Preclinical studies suggest that the acute administration of delta-9-tetrahydrocannabinol (Δ-9-THC), the principal active constituent of cannabis, is associated with a dose-dependant increase in cortisol levels (Brown and Dobs 2002). However, in humans, the acute effects of cannabinoids on cortisol release are less clear with some (Cone et al. 1986), but not other studies (Dax et al. 1989) reporting increased cortisol levels associated with acute administration of cannabinoids.
The human and preclinical literature is mixed with reports of a decrease, increase, or no change in prolactin levels following the administration of cannabinoids (Cone et al. 1986; Dax et al. 1989; Lemberger et al. 1975; Markianos and Stefanis 1982; Mendelson et al. 1984; Mendelson et al. 1985; Murphy et al. 1990; Rettori et al. 1988; Wenger et al. 1987).
Most of the existing literature on the acute effects of cannabinoids does not control for possible effects of chronic exposure to cannabis. The latter is important given increasing preclinical and clinical evidence suggesting the development of tolerance to several cannabinoid effects in association with chronic exposure. Studies of baseline prolactin levels in individuals with chronic exposure to cannabinoids have also been mixed with some (Dax et al. 1989; Harmon and Aliapoulios 1972; Olusi 1980) but not other evidence (Block et al. 1991) suggesting that chronic cannabis exposure is associated with lower baseline prolactin levels. Finally, in the only study examining baseline cortisol levels, there were no differences between cannabis users and controls (Block et al. 1991).
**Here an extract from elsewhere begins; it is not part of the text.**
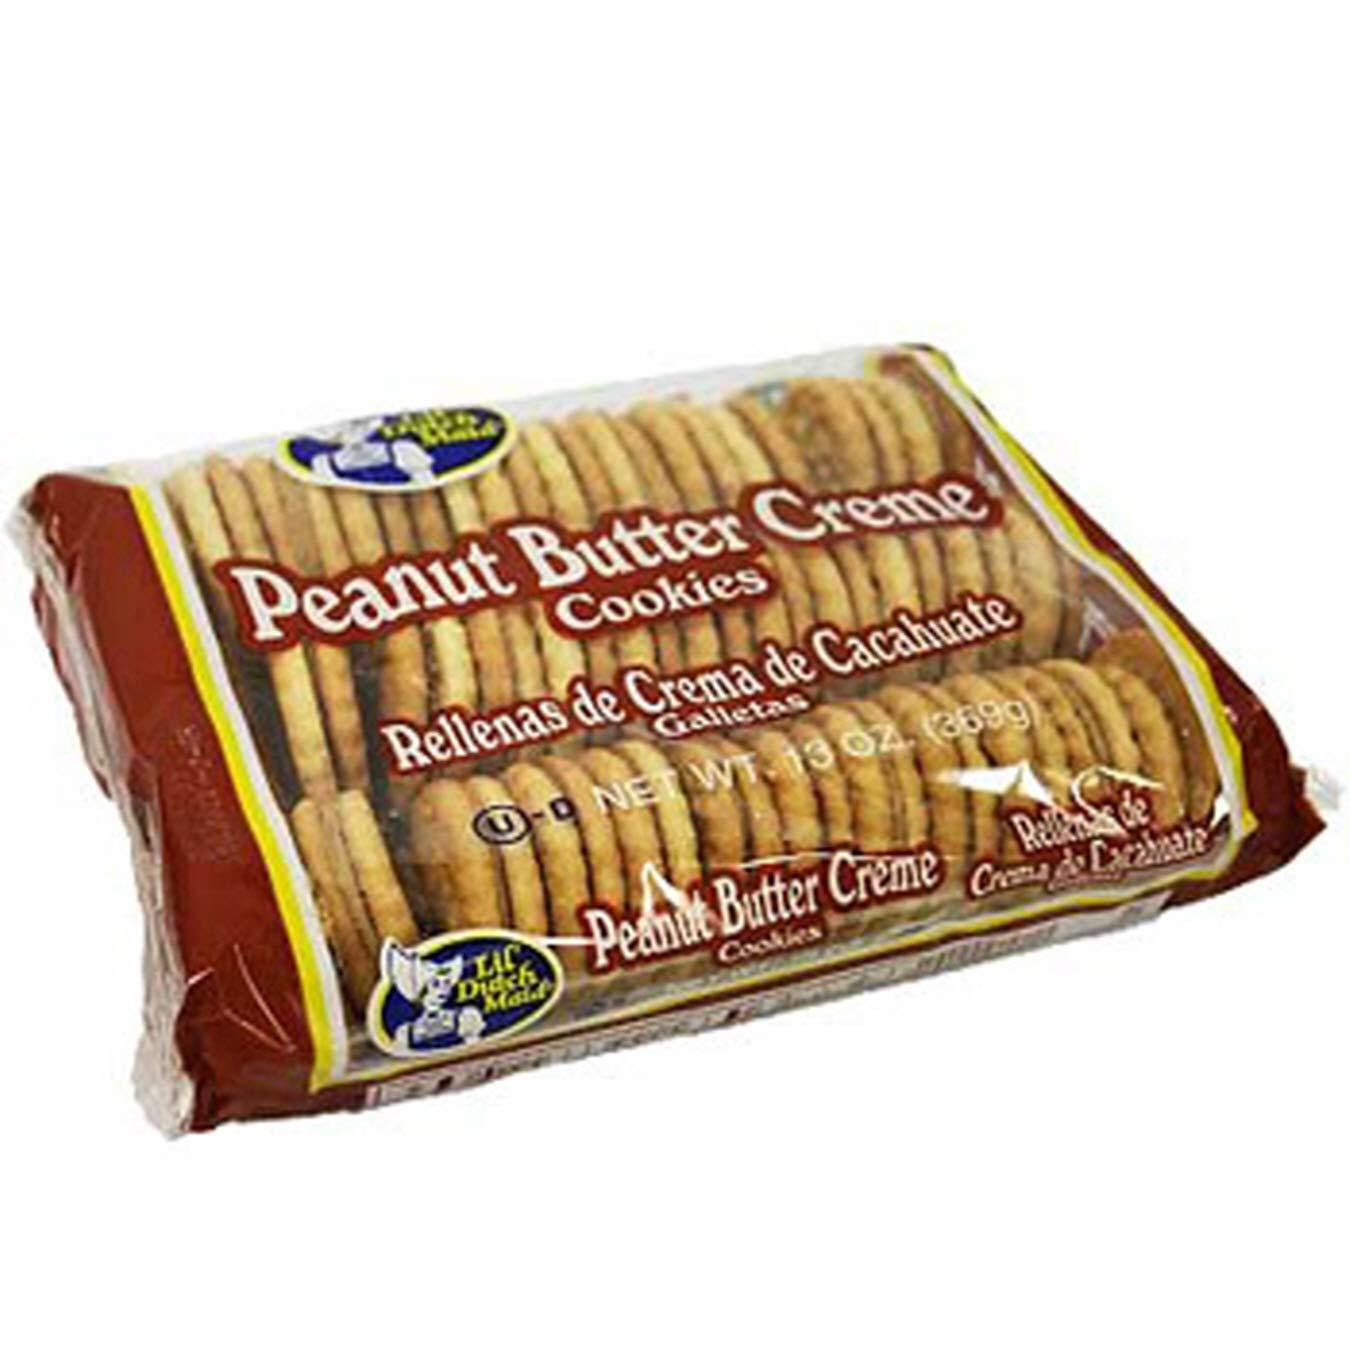 (Pack of 12) Lil Dutch Maid Crème Cookies Peanut Butter, Sandwich Cookies, 13oz

In summary, the existing literature, while suggestive of an acute effect of cannabinoids on cortisol and prolactin release in humans, is limited by small sample sizes (n=6–22), heterogeneous samples with regard to cannabis exposure, lack of controlling for chronic cannabis exposure, differing methodologies, and limited dose–response data. Related to dose–response, some cannabinoid effects, e.g., on anxiety are biphasic, with low and high doses producing divergent effects. Whether cannabinoids have biphasic hormonal effects in humans is unknown. Finally, while there are some studies that have separately examined the acute and chronic endocrine effects of cannabinoids in humans, we are unaware of any studies comparing the acute, chronic, and acute on chronic effects. Chronic and acute on chronic effects of Δ-9-THC on endocrine function may reflect clinically relevant evidence of long-term adaptation of the cannabinoid receptor system associated with chronic cannabis use.
A series of studies with several doses of Δ-9-THC at our center have yielded a large database of the endocrine effects of Δ-9-THC in humans. This database provides a unique opportunity to examine the dose-related acute, chronic, and acute on chronic effects of Δ-9-THC in a large sample of frequent users of cannabis and healthy control subjects. We hypothesized firstly that Δ-9-THC would produce dose-related increases in plasma cortisol levels and decreases in plasma prolactin levels. Secondly, relative to controls, frequent users of cannabis would show altered baseline levels of these hormones and blunted Δ-9-THC-induced changes of these hormones.
Data from two Δ-9-THC studies involving healthy control subjects and frequent users of cannabis were pooled for analysis (Table 1). Some of the data have been published or presented in part (D’Souza et al. 2004, 2008a) and other data have not been published. Furthermore, none of these data have been analyzed collectively. The studies were conducted at the Neurobiological Studies Unit (VA Connecticut Healthcare System, West Haven, CT, USA) with the approval of the Human Subjects Subcommittee of the Veterans Affairs Connecticut Healthcare System and the Human Investigations Committee of the Yale University School of Medicine, New Haven, Connecticut, USA.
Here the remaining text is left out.